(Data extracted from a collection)
--------------------
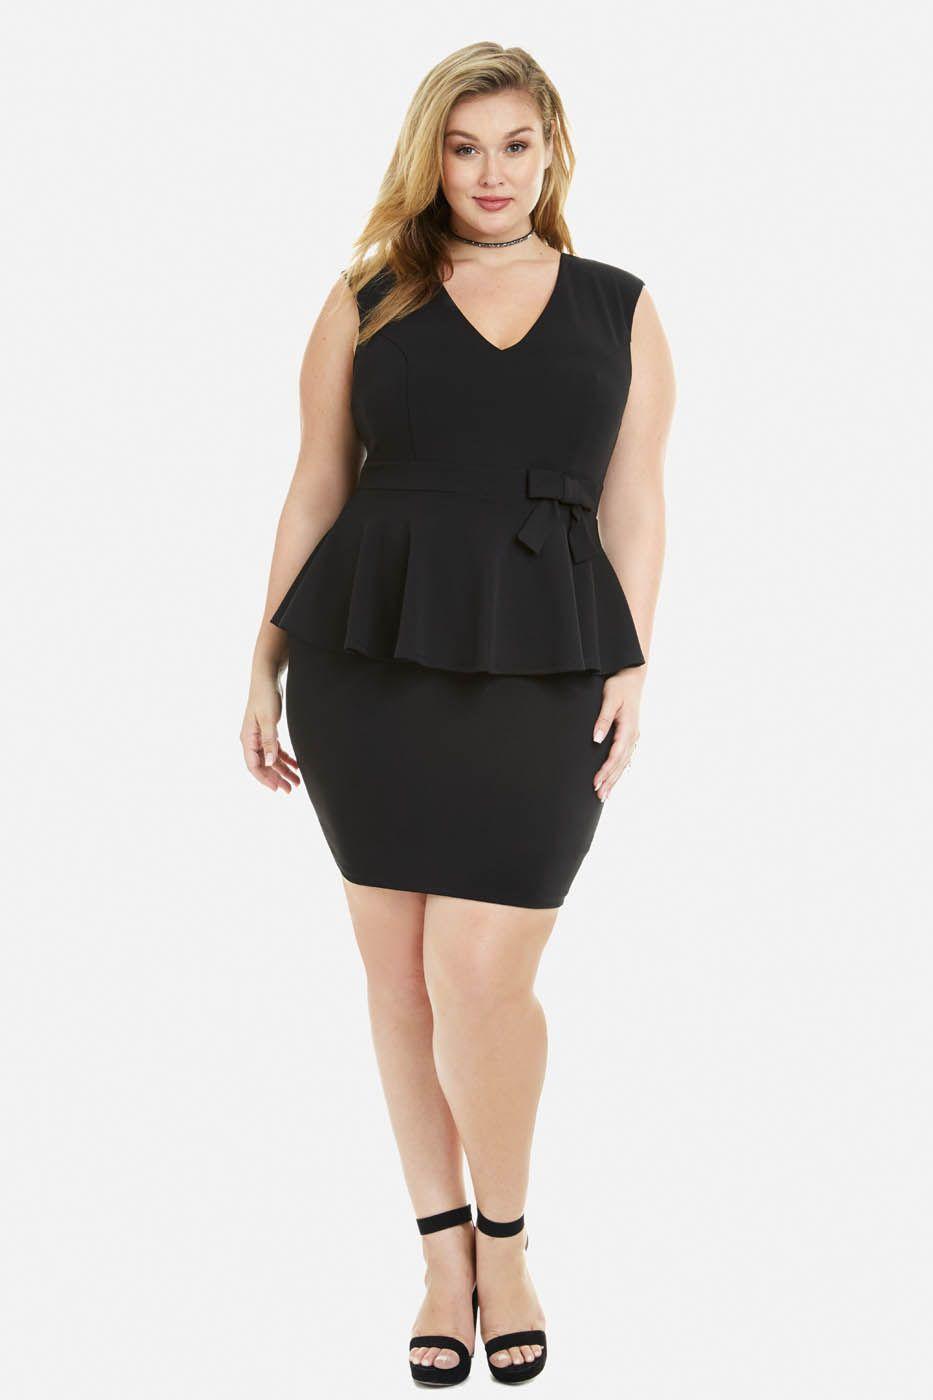 Plus Size Candy Peplum Bow Dress Fat And Belles Pinterest
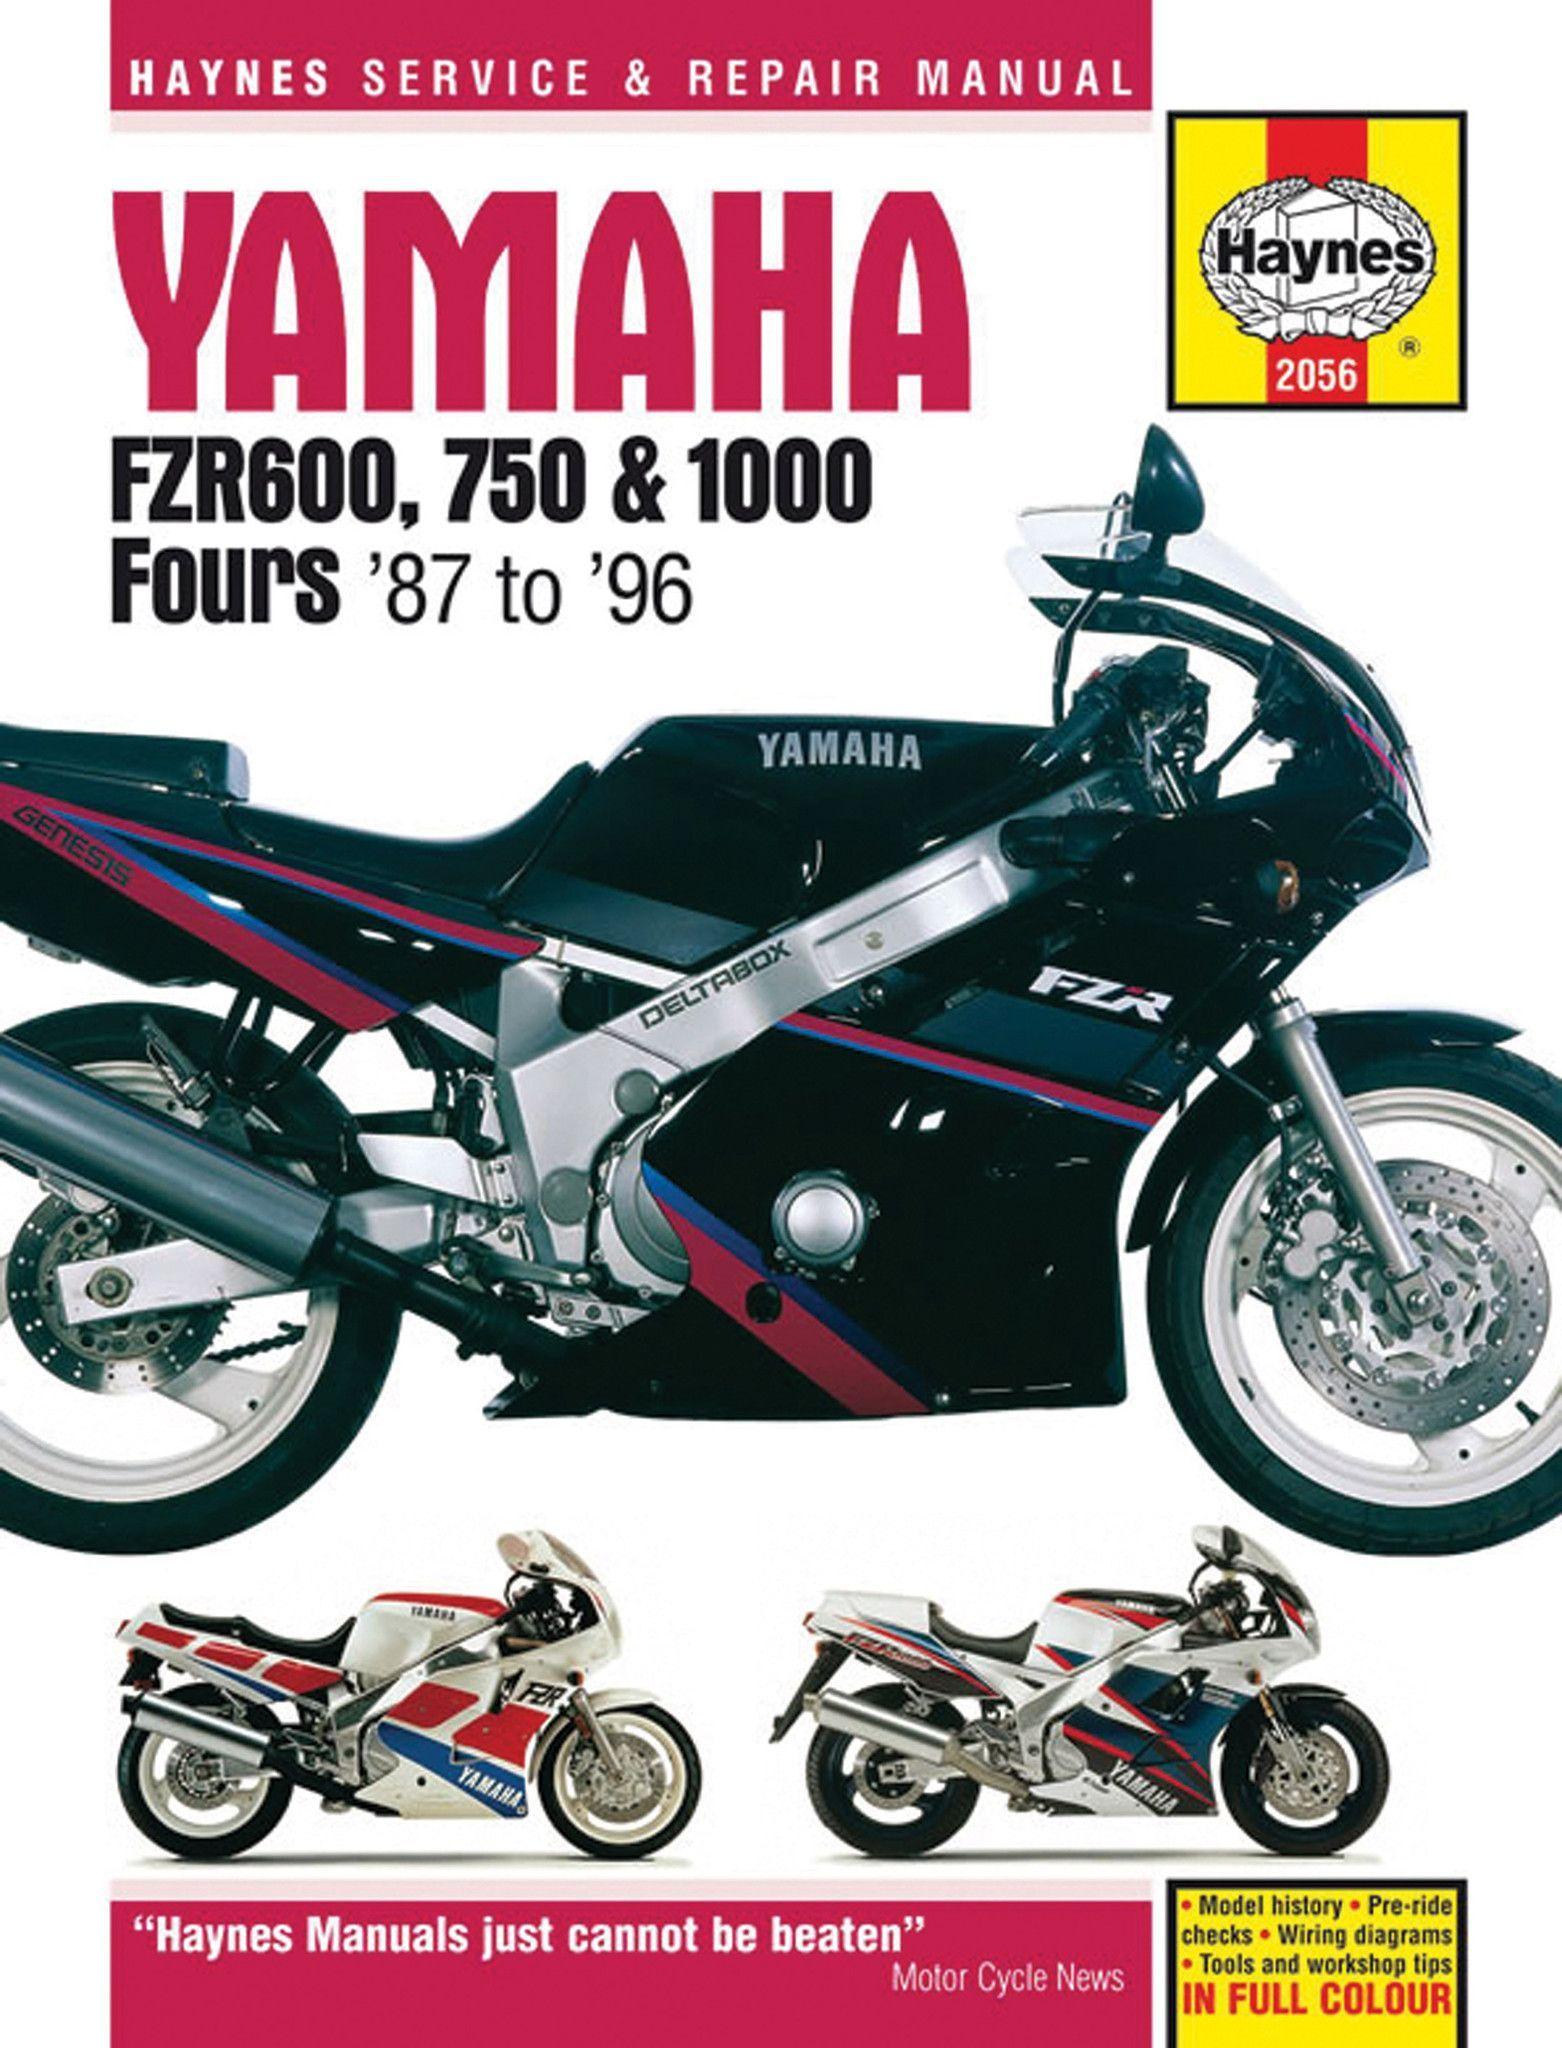 medium resolution of haynes service manual for yamaha fzr600 fzr750 fzr1000 m2056 wiring diagram needed for 1989 yamaha fzr1000 genesis
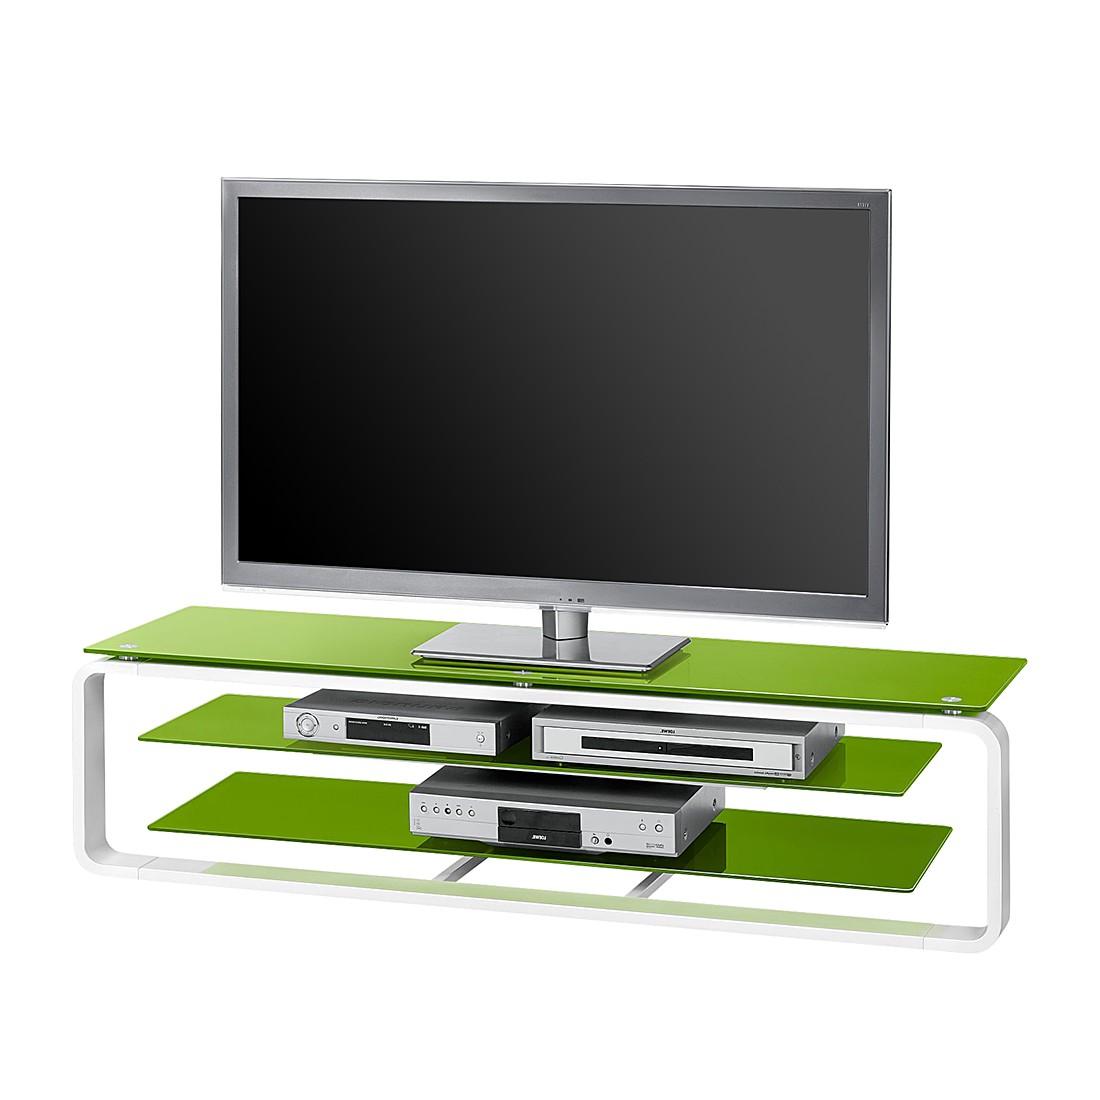 Tv-rek Jared I - Wit/groen glas - 150cm, Maja Möbel
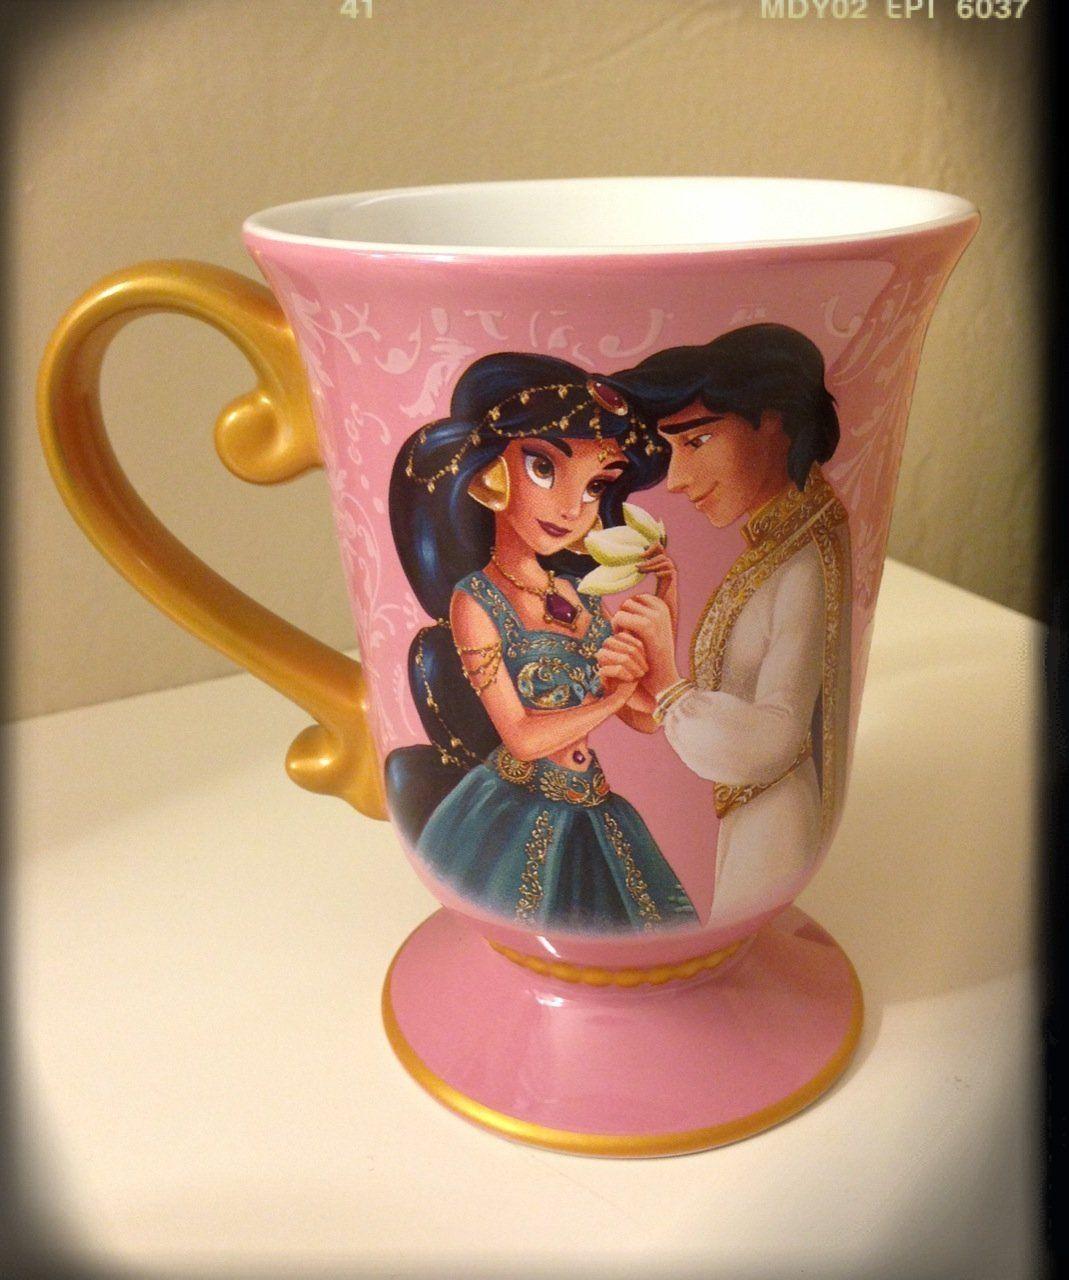 Amazon aladdin coffee mugs - Disney Aladdin Coffee Mugs Are Available Here At Mug Freaks
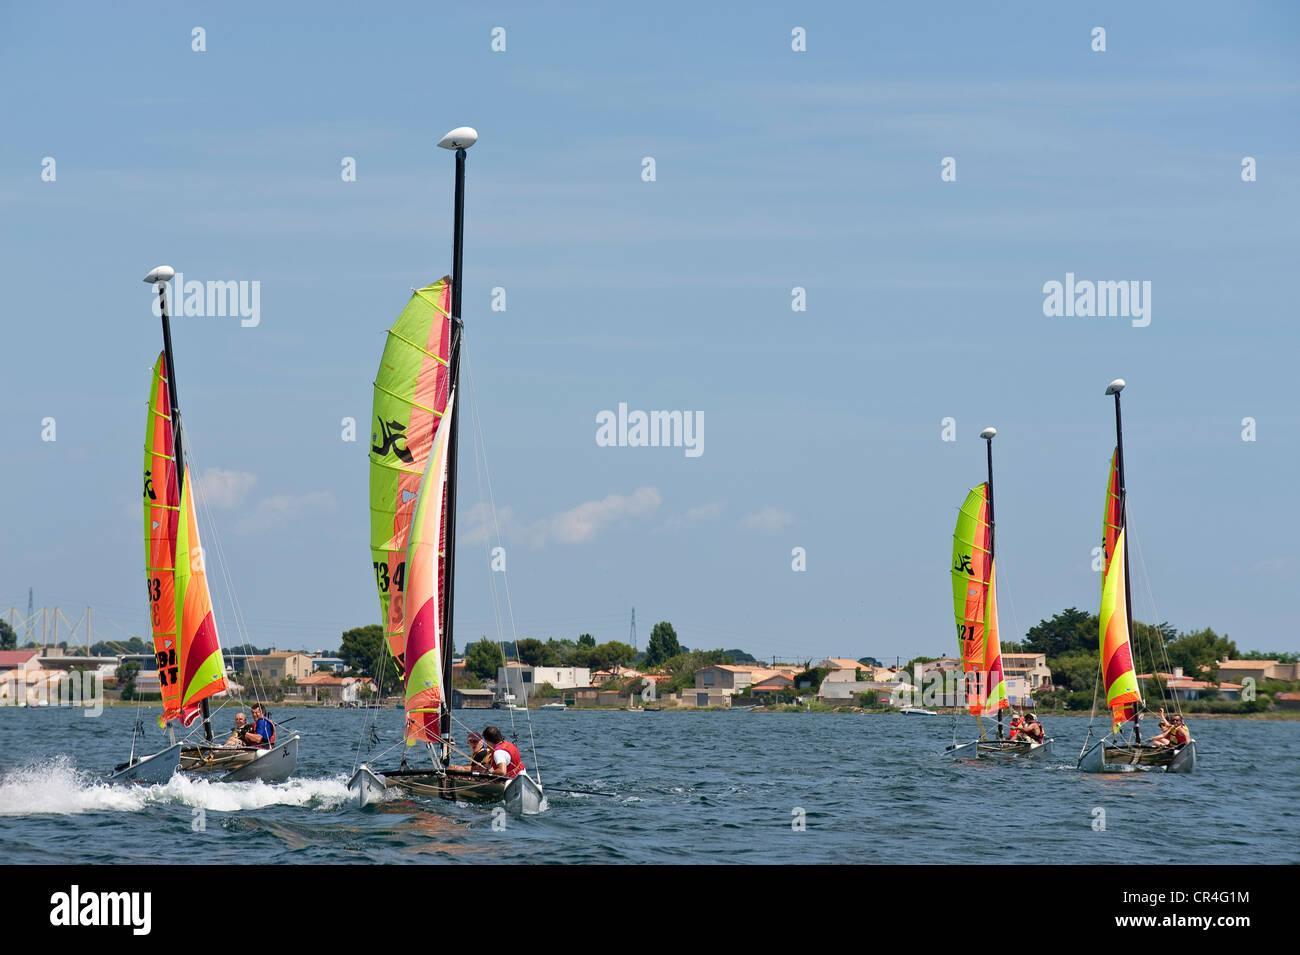 France, Herault, Sete, Bassin de Thau, Hobbies Cat, regatta of small sport catamarans - Stock Image
--------------------
Reproduce, with no pictures, the lines from the one containing "Tv-rek Jared I" to the end of the records above, exactly and inclusively.

» Written solution:
 Tv-rek Jared I - Wit/groen glas - 150cm, Maja Möbel
 Amazon aladdin coffee mugs - Disney Aladdin Coffee Mugs Are Available Here At Mug Freaks
 France, Herault, Sete, Bassin de Thau, Hobbies Cat, regatta of small sport catamarans - Stock Image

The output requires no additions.